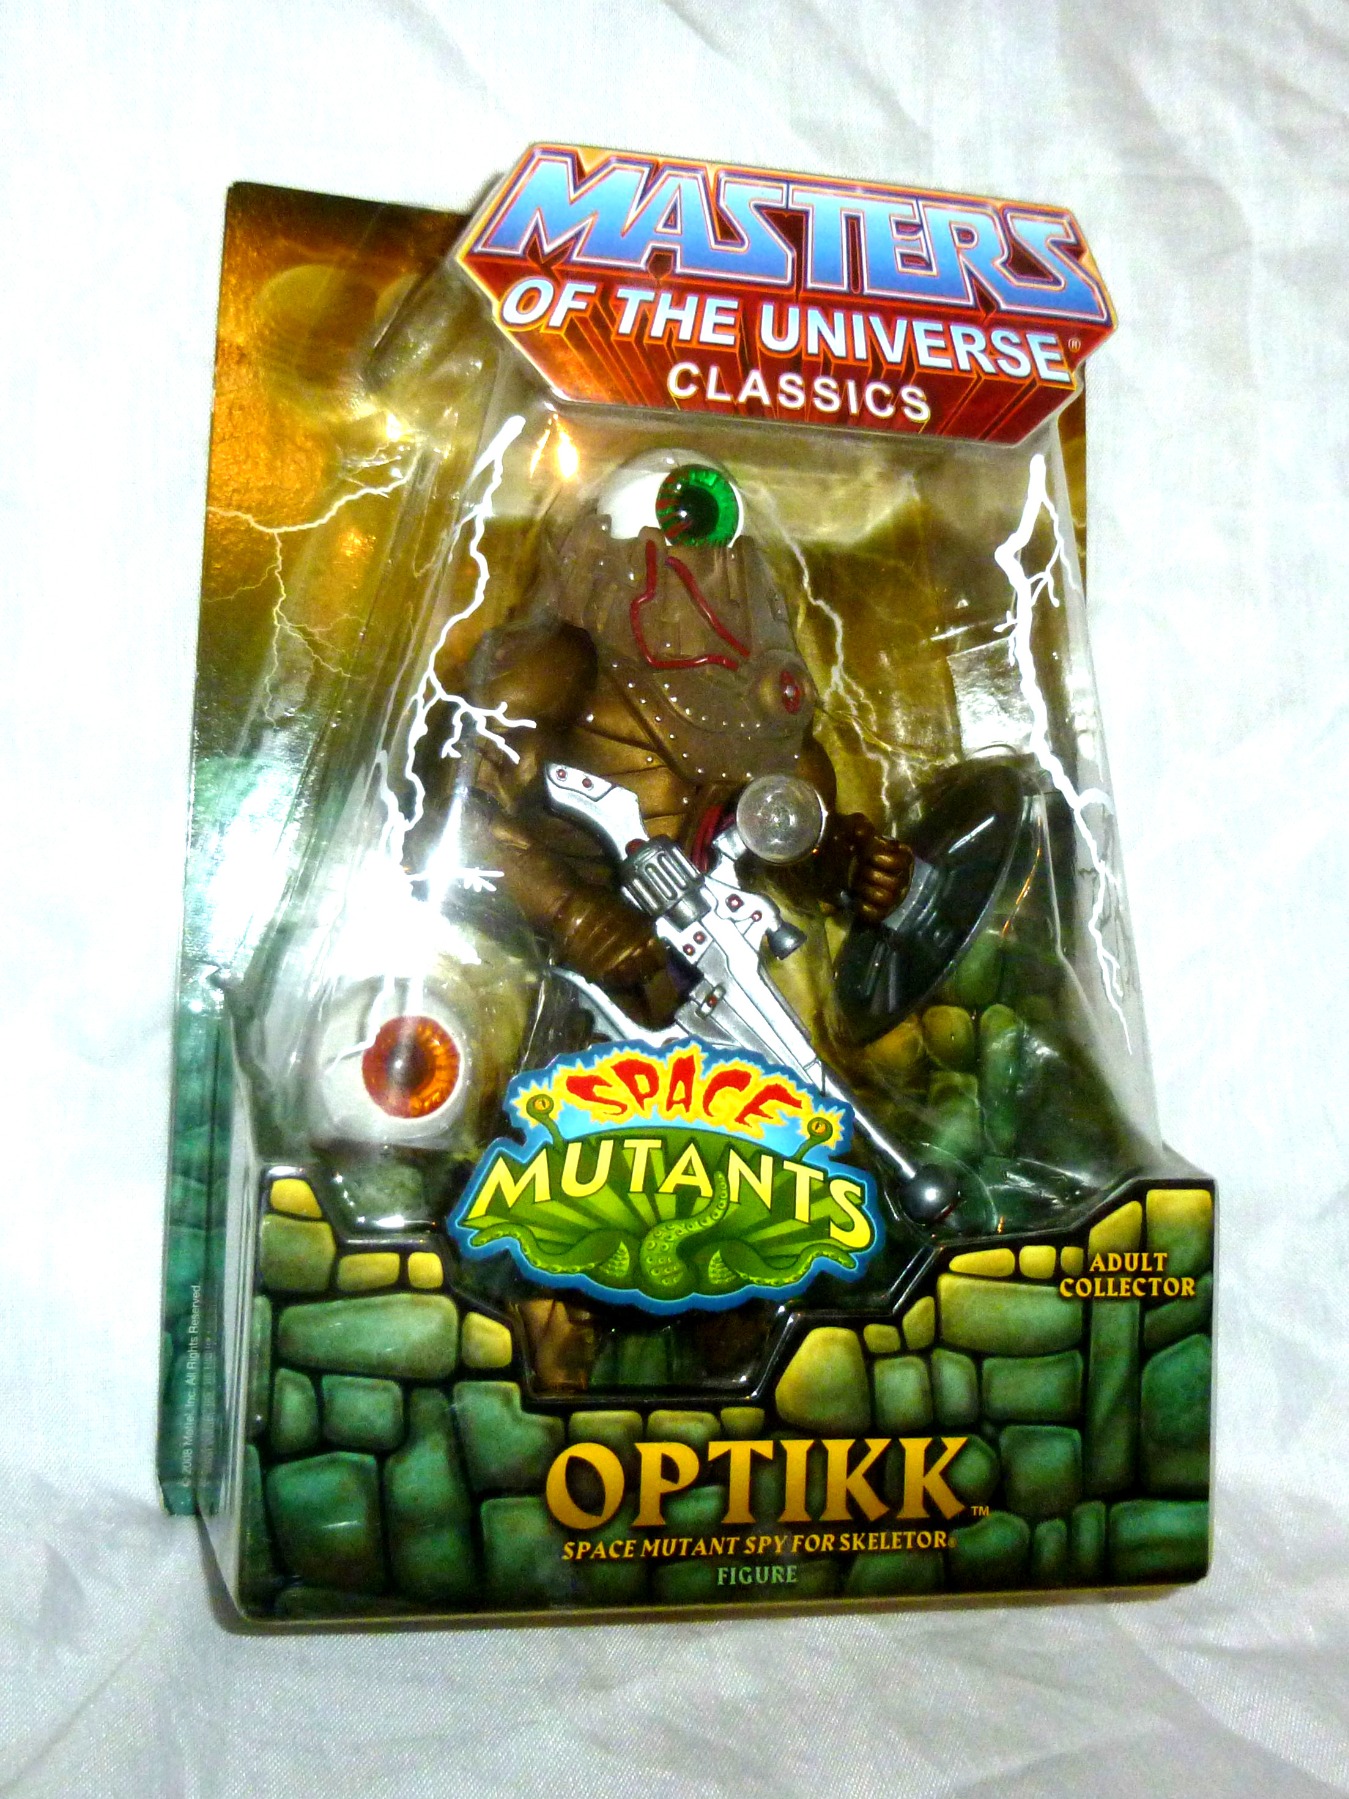 Optikk - Space Mutant Spy for Skeletor 2
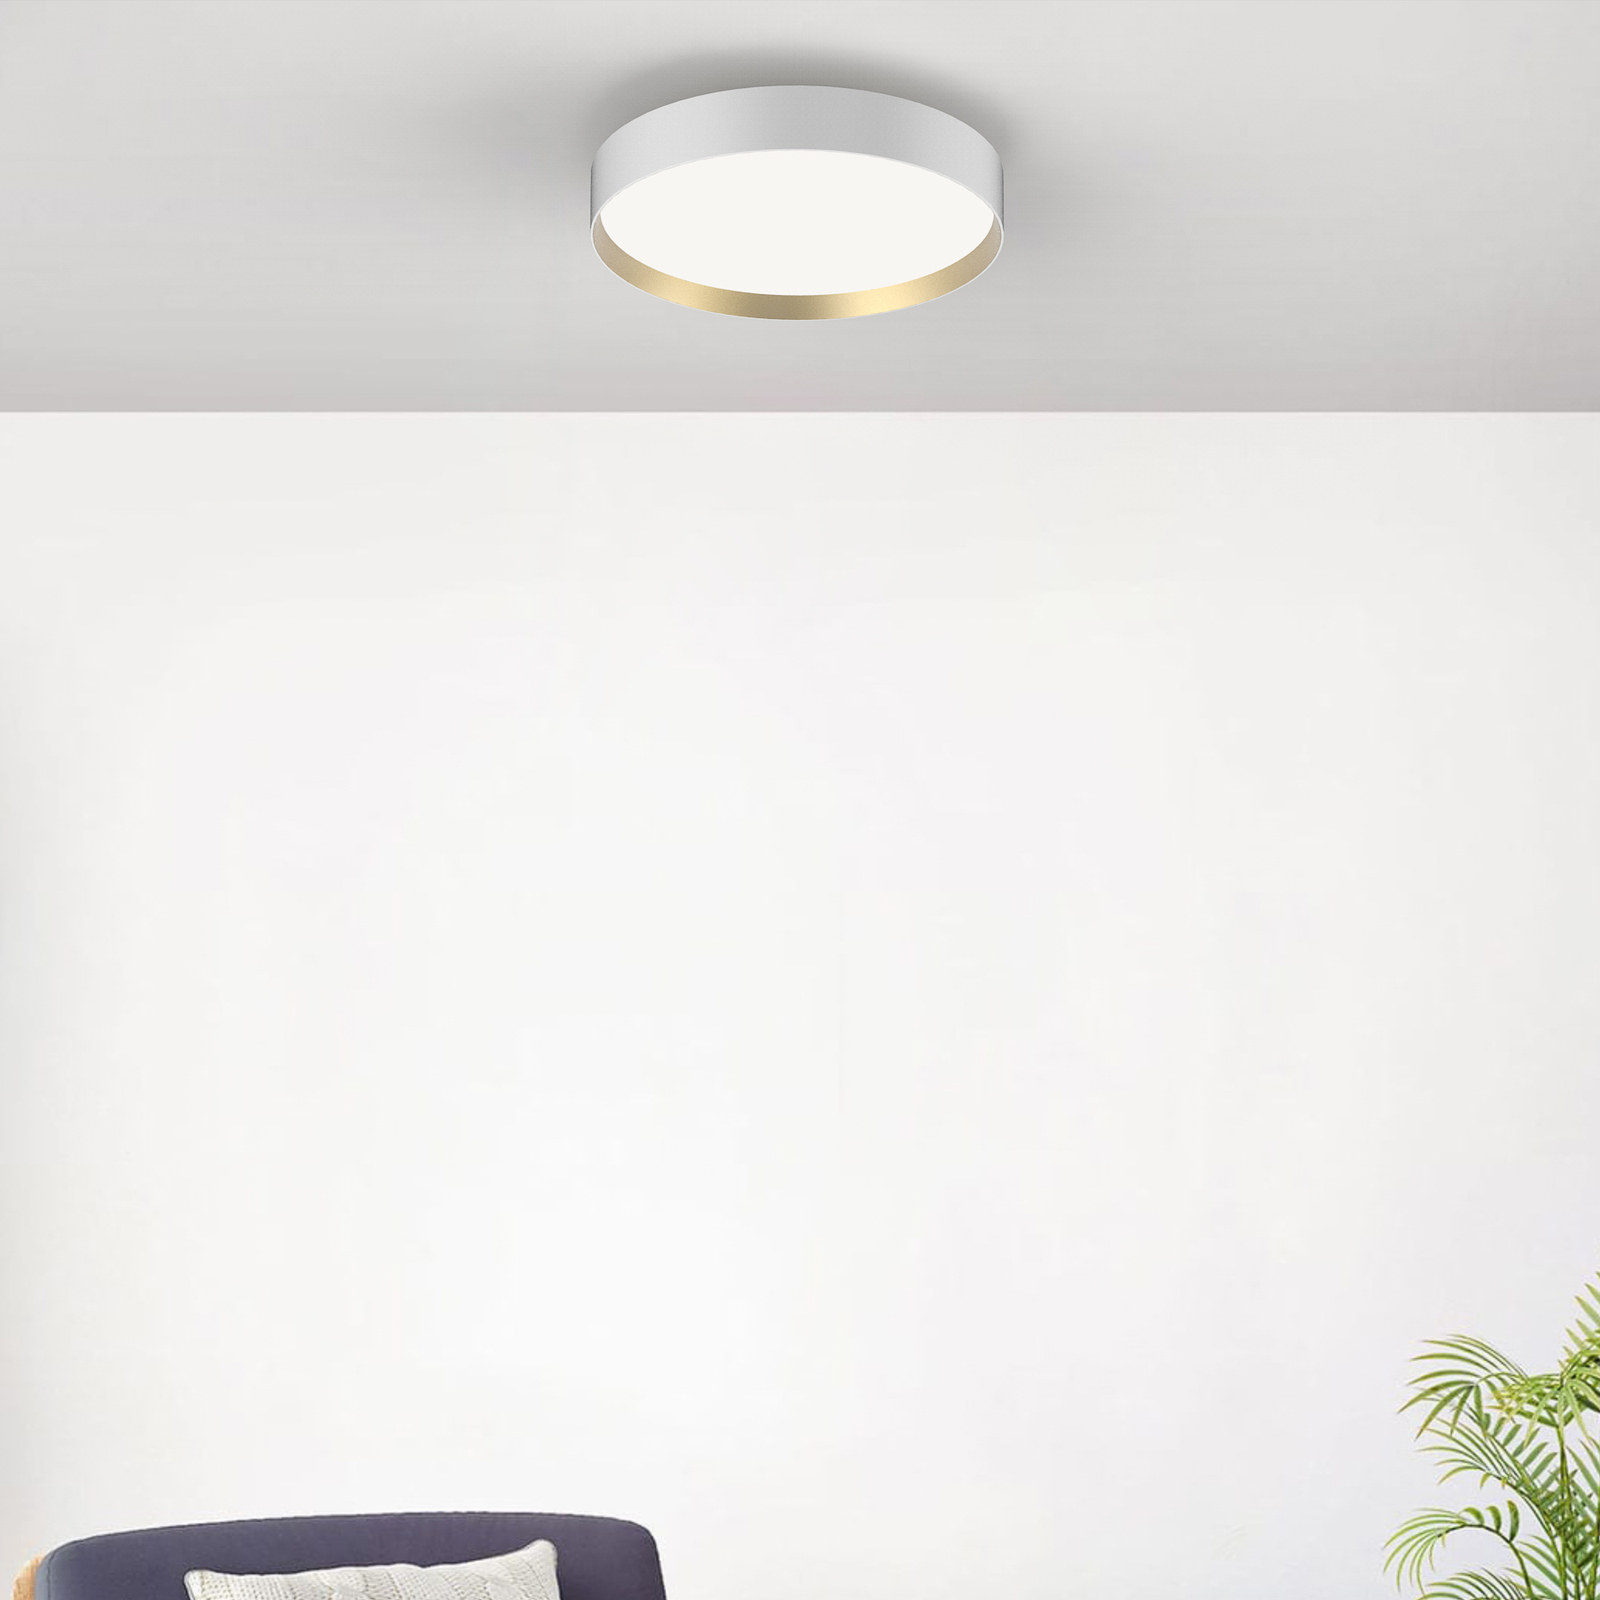 LOOM DESIGN Lucia LED ceiling lamp Ø60cm white/gold
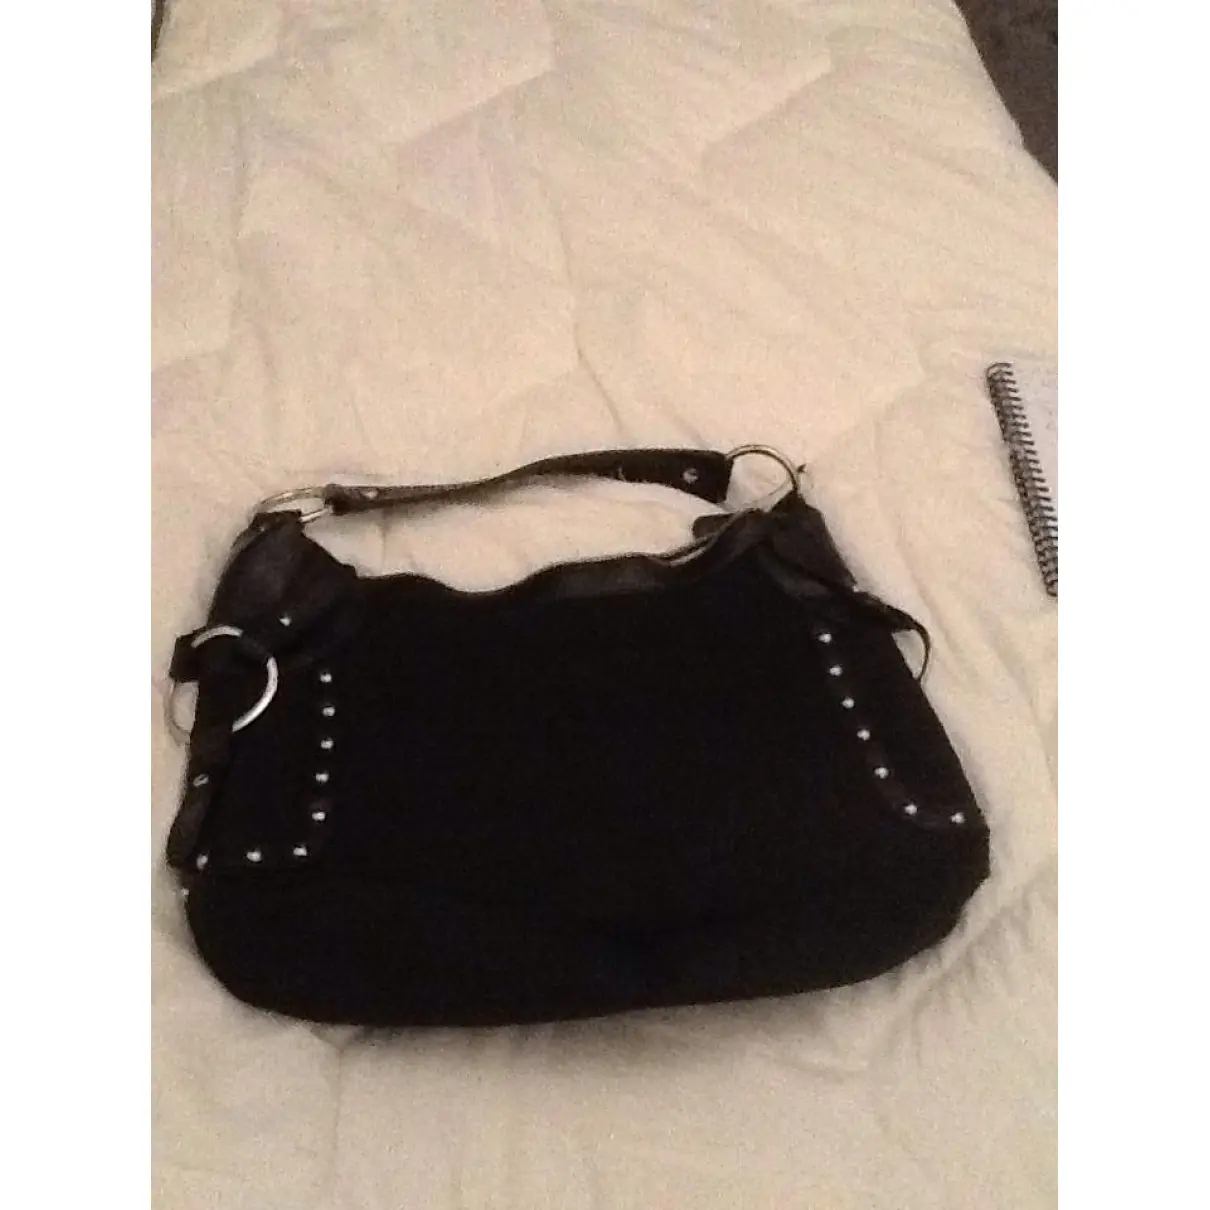 Buy Dkny Black Handbag online
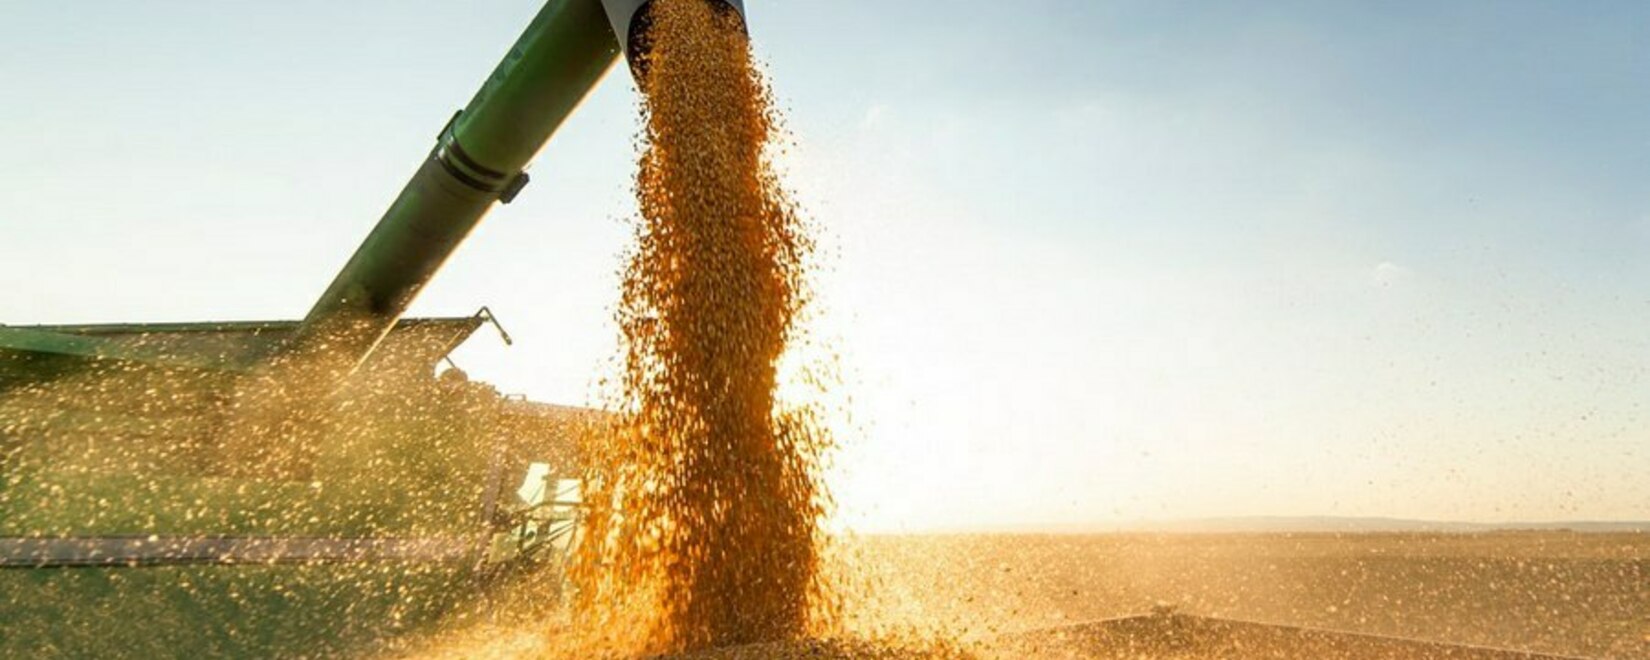 Более ста миллионов долларов: Приамурье увеличило в несколько раз экспорт зерна и сои

• [What to work on]: In your answer, give every line of the listing above exactly, and do not include the images.

• [Result]:
 Optikk - Space Mutant Spy for Skeletor 2
 LOOM DESIGN Lucia LED ceiling lamp Ø60cm white/gold
 Buy Dkny Black Handbag online
 Более ста миллионов долларов: Приамурье увеличило в несколько раз экспорт зерна и сои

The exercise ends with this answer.